We all value things differently. For example,
some of us prefer a house with a view, others of
us prefer one with modern plumbing, yet others one
with a good location. Typically, markets allocate
assets to those who value them most. But sometimes
markets are unavailable or are expensive to replicate.
Can procedures be constructed to value non-financial
assets (and the heterogeneous "returns"
they promise) when we don't have agreement on values?
That is, can procedures be used as a substitute
for markets? For example, suppose Mom has just baked
a cake for Jane and Dick -- equally. What if Jane
likes frosting and Dick prefers quantity, what is
the best way to value the cake and divide it between
them?
- Market valuation. One possibility
would be to sell the cake (at fair market value)
and divide the cash proceeds. Then Jane and
Dick could each buy a smaller cake with lots
of frosting and Dick a fruitcake without frosting,
or even something else. But market transactions
are not free.
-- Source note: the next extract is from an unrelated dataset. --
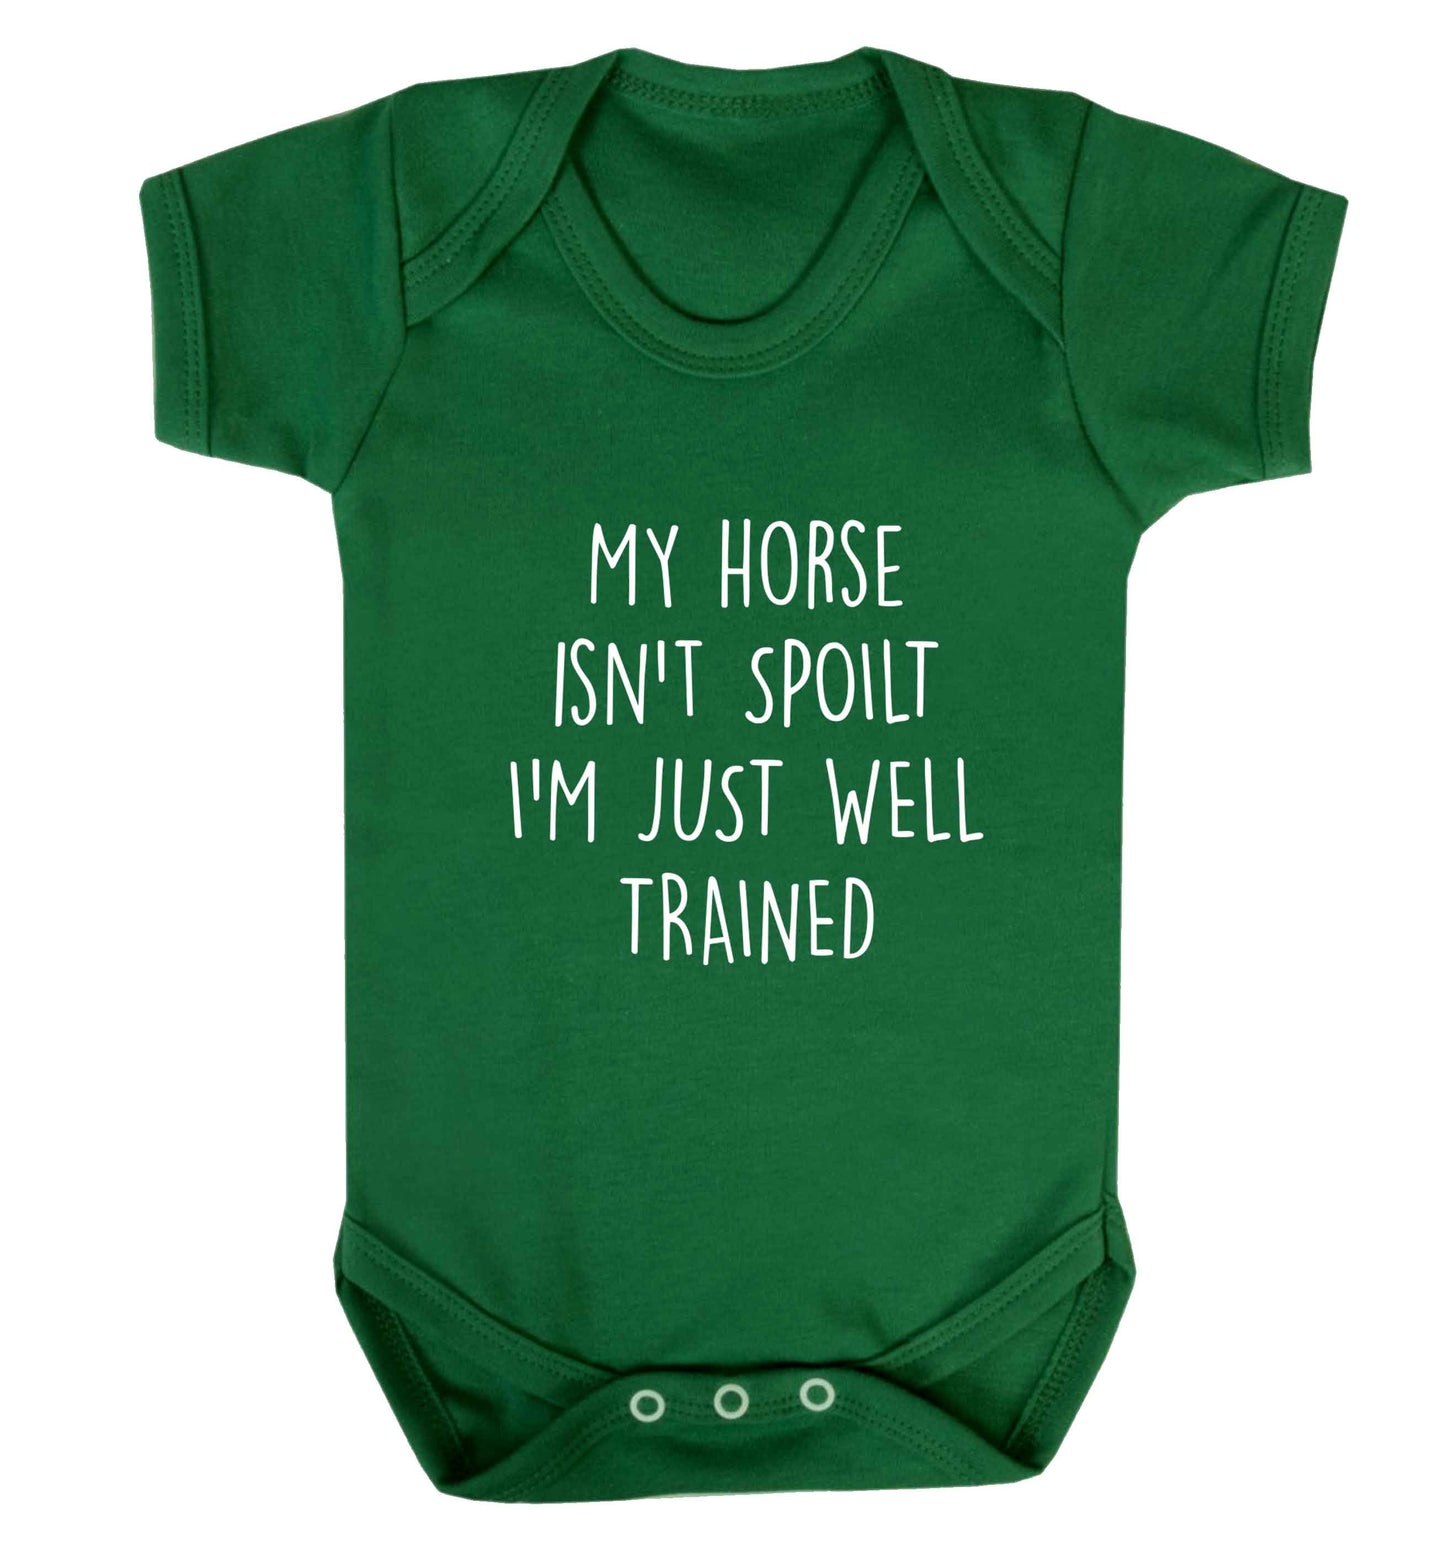 My horse isn't spoilt I'm just well trained baby vest green 18-24 months

Even selling through E-bay has
its risks and costs.
- Authority valuation. The
two could submit their distribution problem
to an authority figure - perhaps Mom or even
a judge. But even an impartial authority may
not know about their individual preferences
(frosting versus quantity, smooth versus crunchy)
and make mistakes.
- Fair division. The two could
use a method to divide the cake so
that each considers the result to be fair. One
age-old method is for Jane to cut and Dick to
choose -- or the other way around and, of course,
under Mom's watchful eye. Their method becomes
a "market" for their expression of
their individual preferences.
Game theory has developed procedures (algorithms)
for the division among n-players of a divisible
object (a cake) or a set of objects (property
in divorce) so that each player considers the
division "fair" according to his or
her value system. For example, how might neighbors
solve the problem that one consider the other
to be a nuisance. See Meurer, "Fair
Division" 47 Buff. L. Rev. 937 (1999).
Here are some algorithms for solving Mom's
cake problem:
Cut and choose method. This
method works for two players, as in the case of
Jane and Dick. (Although Mom often takes credit
for the method, it was first described in Hesiod's
Theogeny where Prometheus placed meat
in two piles and Zeus got to choose.)
Moving knife procedure. Suppose
there are three kids who are to split
the cake. Can this be done fairly? One strategy
is for Mom to place a knife over one corner of
the cake and begin to move it slowly across the
cake. When any of the kids says "stop,"
that kid (K1 let's say) gets the piece. Presumably
K1 thinks she got at least 1/3, and K2 and K3
(who did not speak up) believe the remainder is
at least 2/3. Mom keeps on moving the knife, until
K2 says "stop." K2 is happy, because
he thinks he got at least 1/3 -- and the same
for K3! All thought their piece was "fair"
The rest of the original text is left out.